= 4Pi microscope =

A 4Pi microscope is a laser scanning fluorescence microscope with an improved axial resolution. With it the typical range of the axial resolution of 500–700 nm can be improved to 100–150 nm, which corresponds to an almost spherical focal spot with 5–7 times less volume than that of standard confocal microscopy.

==Working principle==

The improvement in resolution is achieved by using two opposing objective lenses, which both are focused to the same geometrical location. Also the difference in optical path length through each of the two objective lenses is carefully aligned to be minimal. By this method, molecules residing in the common focal area of both objectives can be illuminated coherently from both sides and the reflected or emitted light can also be collected coherently, i.e. coherent superposition of emitted light on the detector is possible. The solid angle $\Omega$ that is used for illumination and detection is increased and approaches its maximum. In this case the sample is illuminated and detected from all sides simultaneously.

Optical Scheme of 4Pi Microscope

The operation mode of a 4Pi microscope is shown in the figure. The laser light is divided by a beam splitter and directed by mirrors towards the two opposing objective lenses. At the common focal point superposition of both focused light beams occurs. Excited molecules at this position emit fluorescence light, which is collected by both objective lenses, combined by the same beam splitter and deflected by a dichroic mirror onto a detector. There, superposition of both emitted light pathways can take place again.

In the ideal case each objective lens can collect light from a solid angle of $\Omega=2\pi$. With two objective lenses one can collect from every direction (solid angle $\Omega=4\pi$). The name of this type of microscopy is derived from the maximal possible solid angle for excitation and detection. Practically, one can achieve only aperture angles of about 140° for an objective lens, which corresponds to $\Omega \approx 1.3\pi$.

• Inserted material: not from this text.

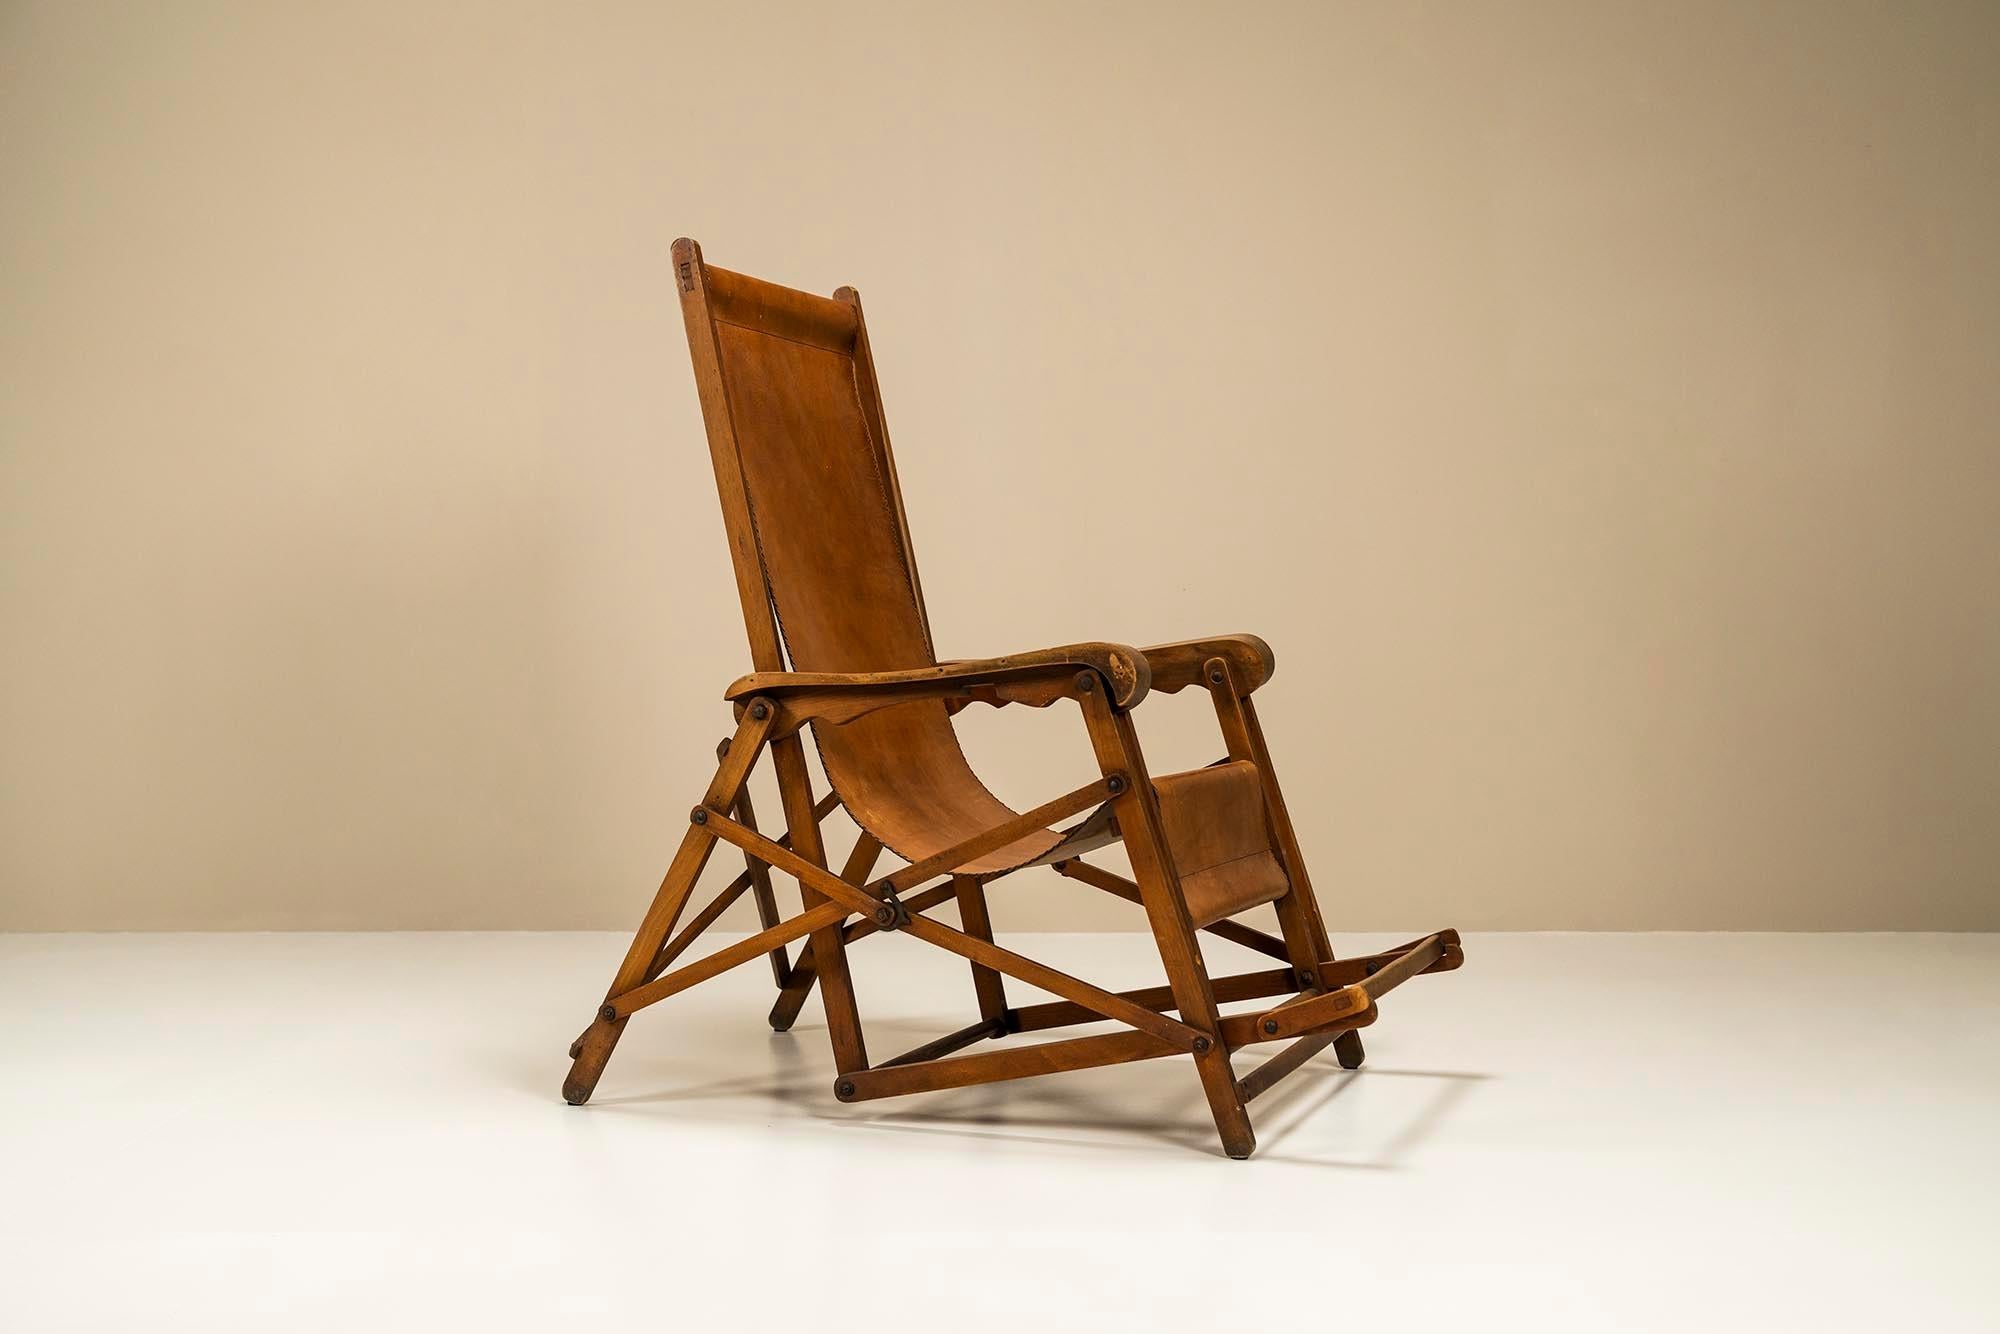 A deck chair, designed in 1938 by Fratelli Reguitti in collaboration with Louis Vuitton, is a true masterpiece of craftsmanship and design. This chair is a perfect example of the exceptional quality and attention to detail that characterized the

The microscope can be operated in three different ways: In a 4Pi microscope of type A, the coherent superposition of excitation light is used to generate the increased resolution. The emission light is either detected from one side only or in an incoherent superposition from both sides. In a 4Pi microscope of type B, only the emission light is interfering. When operated in the type C mode, both excitation and emission light are allowed to interfere, leading to the highest possible resolution increase (~7-fold along the optical axis as compared to confocal microscopy).

In a real 4Pi microscope light cannot be applied or collected from all directions equally, leading to so-called side lobes in the point spread function. Typically (but not always) two-photon excitation microscopy is used in a 4Pi microscope in combination with an emission pinhole to lower these side lobes to a tolerable level.

==History==

In 1971, Christoph Cremer and Thomas Cremer proposed the creation of a perfect hologram, i.e. one that carries the whole field information of the emission of a point source in all directions, a so-called $4\pi$ hologram. However the publication from 1978 had drawn an improper physical conclusion (i.e. a point-like spot of light) and had completely missed the axial resolution increase as the actual benefit of adding the other side of the solid angle. The first description of a practicable system of 4Pi microscopy, i.e. the setup with two opposing, interfering lenses, was invented by Stefan Hell in 1991. He demonstrated it experimentally in 1994.

In the following years, the number of applications for this microscope has grown. For example, parallel excitation and detection with 64 spots in the sample simultaneously combined with the improved spatial resolution resulted in the successful recording of the dynamics of mitochondria in yeast cells with a 4Pi microscope in 2002. A commercial version was launched by microscope manufacturer Leica Microsystems in 2004 and later discontinued.

Up to now, the best quality in a 4Pi microscope was reached in conjunction with super-resolution techniques like the stimulated emission depletion (STED) principle. Using a 4Pi microscope with appropriate excitation and de-excitation beams, it was possible to create a uniformly 50 nm sized spot, which corresponds to a decreased focal volume compared to confocal microscopy by a factor of 150–200 in fixed cells. With the combination of 4Pi microscopy and RESOLFT microscopy with switchable proteins, it is now possible to take images of living cells at low light levels with isotropic resolutions below 40 nm.